Detlef Liebs, ein anerkannter Experte für römisches Recht, stellt in seinem spannenden Buch 16 Zivil- und Strafprozesse aus der Antike vor, ohne sich in Juristenlatein zu verheddern. Offenbar waren die damaligen Gerichtsverhandlungen den heutigen nicht unähnlich. Es gab Anklagen und Schwurgerichte, strenge wie milde Richter, aggressive Staatsanwälte und ausgebuffte Strafverteidiger. Allerdings mit einem Unterschied: Die Herren des Gesetzes waren keine ausgebildeten Juristen, sondern honorige Laien, die sich bei ihrer Arbeit am Recht von der öffentlichen Meinung, ihrer Bildung und ihrem persönlichen Rechtsgefühl leiten ließen.

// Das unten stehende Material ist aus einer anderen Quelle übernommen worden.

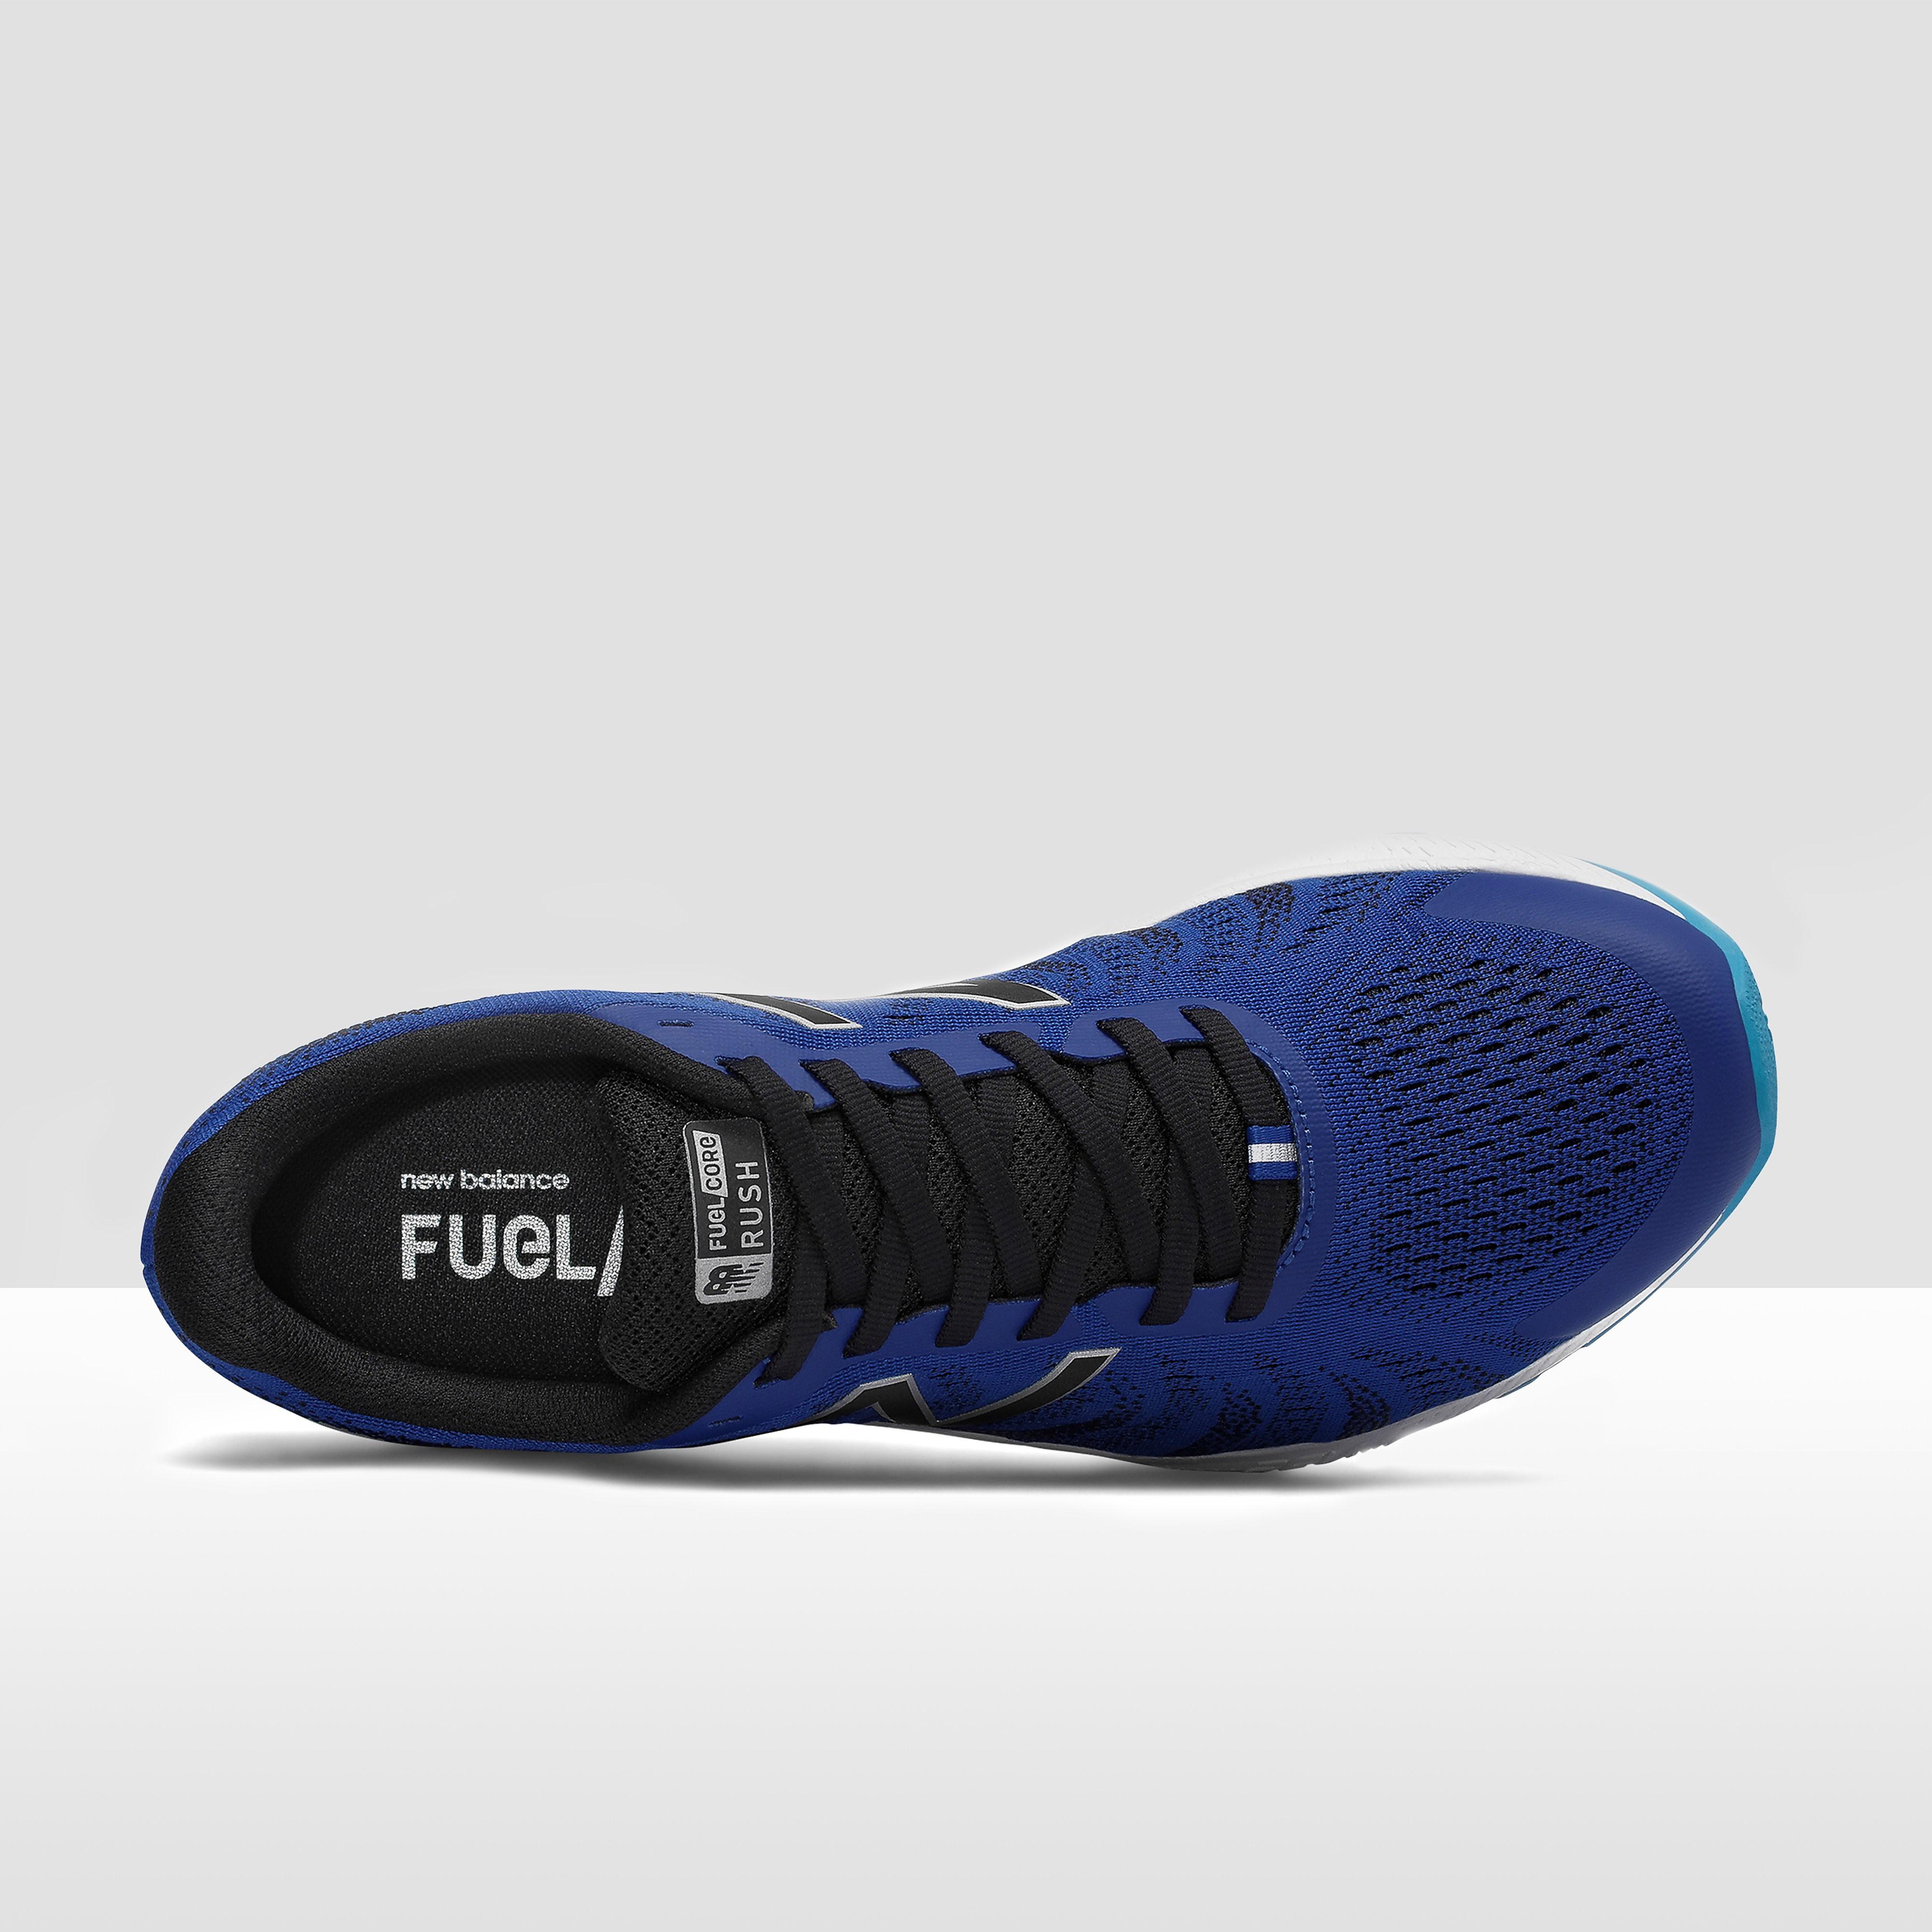 New Balance FuelCore Rush v3 Men's Running Shoes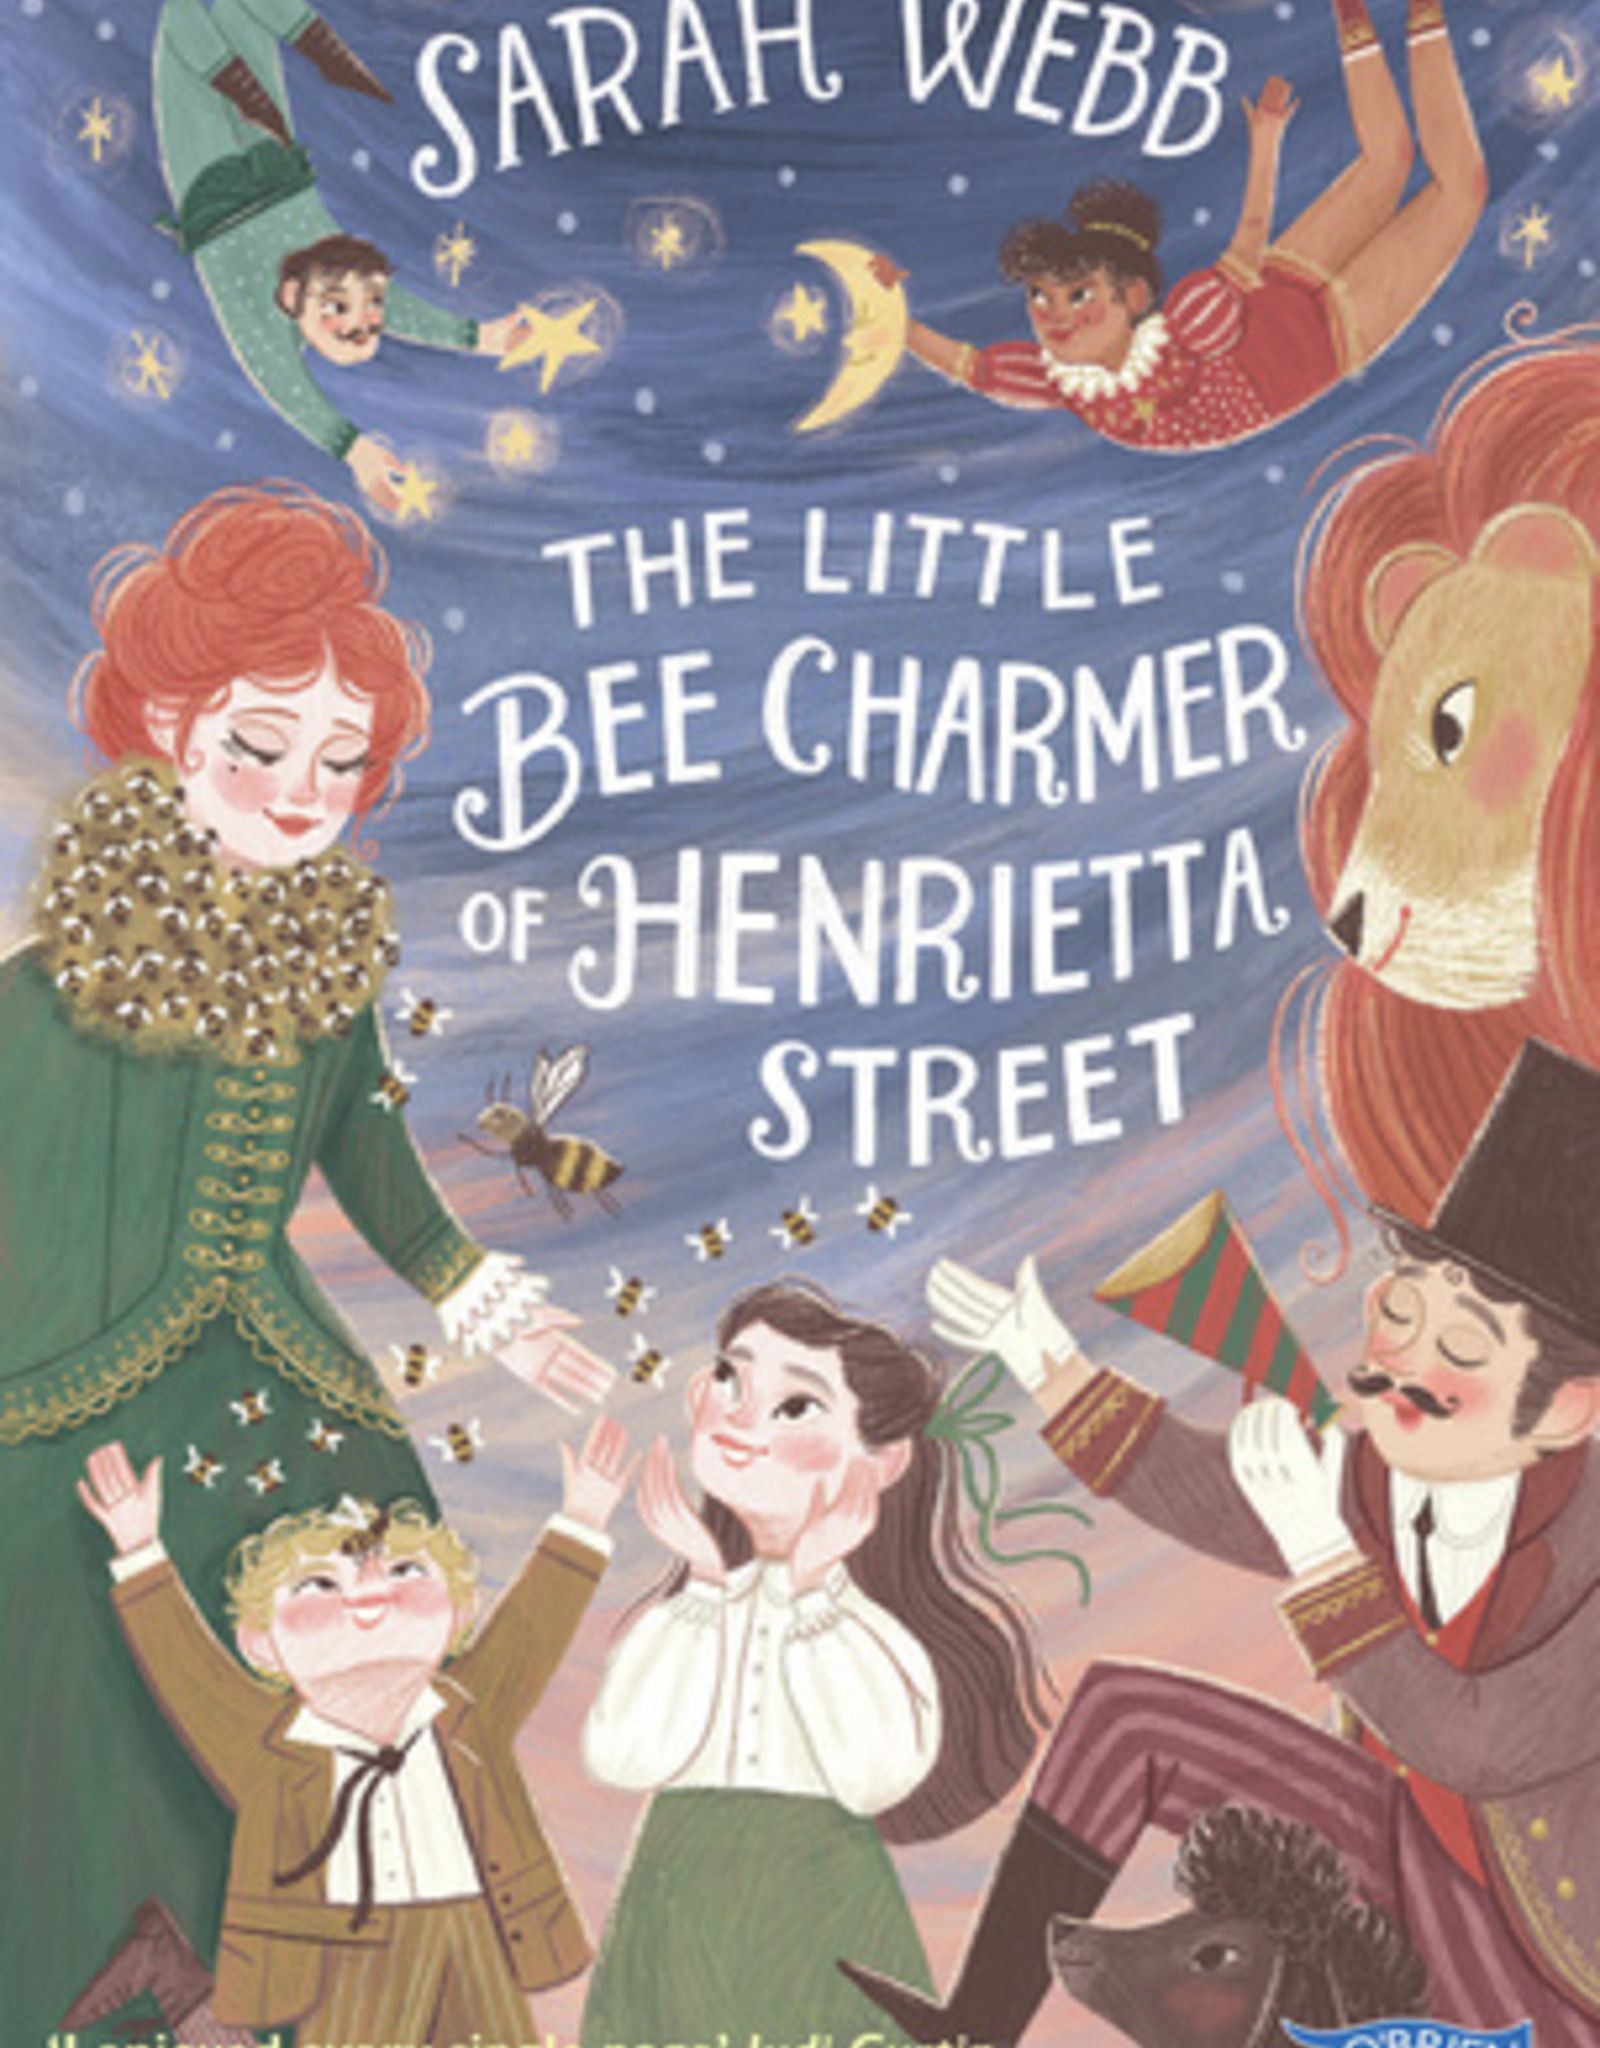 Little Bee Charmer of Henrietta Street

Iustitias Arm war lang und allgegenwärtig, ob in Rom, wo der Stadt- und der Fremdenprätor auf dem Forum Recht sprachen – der eine in Rechtsstreitigkeiten zwischen römischen Bürgern, der andere zwischen Römern und Nichtrömern –, oder in den Provinzen, wo Statthalter die oberste Instanz waren. Überall galt das gleiche Recht, wenngleich es nicht für alle gleich war. Nichtrömer etwa, wie der Prozess gegen einen gewissen Jesus von Nazareth zeigt, waren ohne mächtige Fürsprecher der Strafverfolgung schutzlos ausgeliefert. Andererseits gab es Kaiser, die auch Sklaven Gerechtigkeit widerfahren ließen: Kaiser Hadrian brachte brutale Sklavenhalter vor ein außerordentliches Gericht.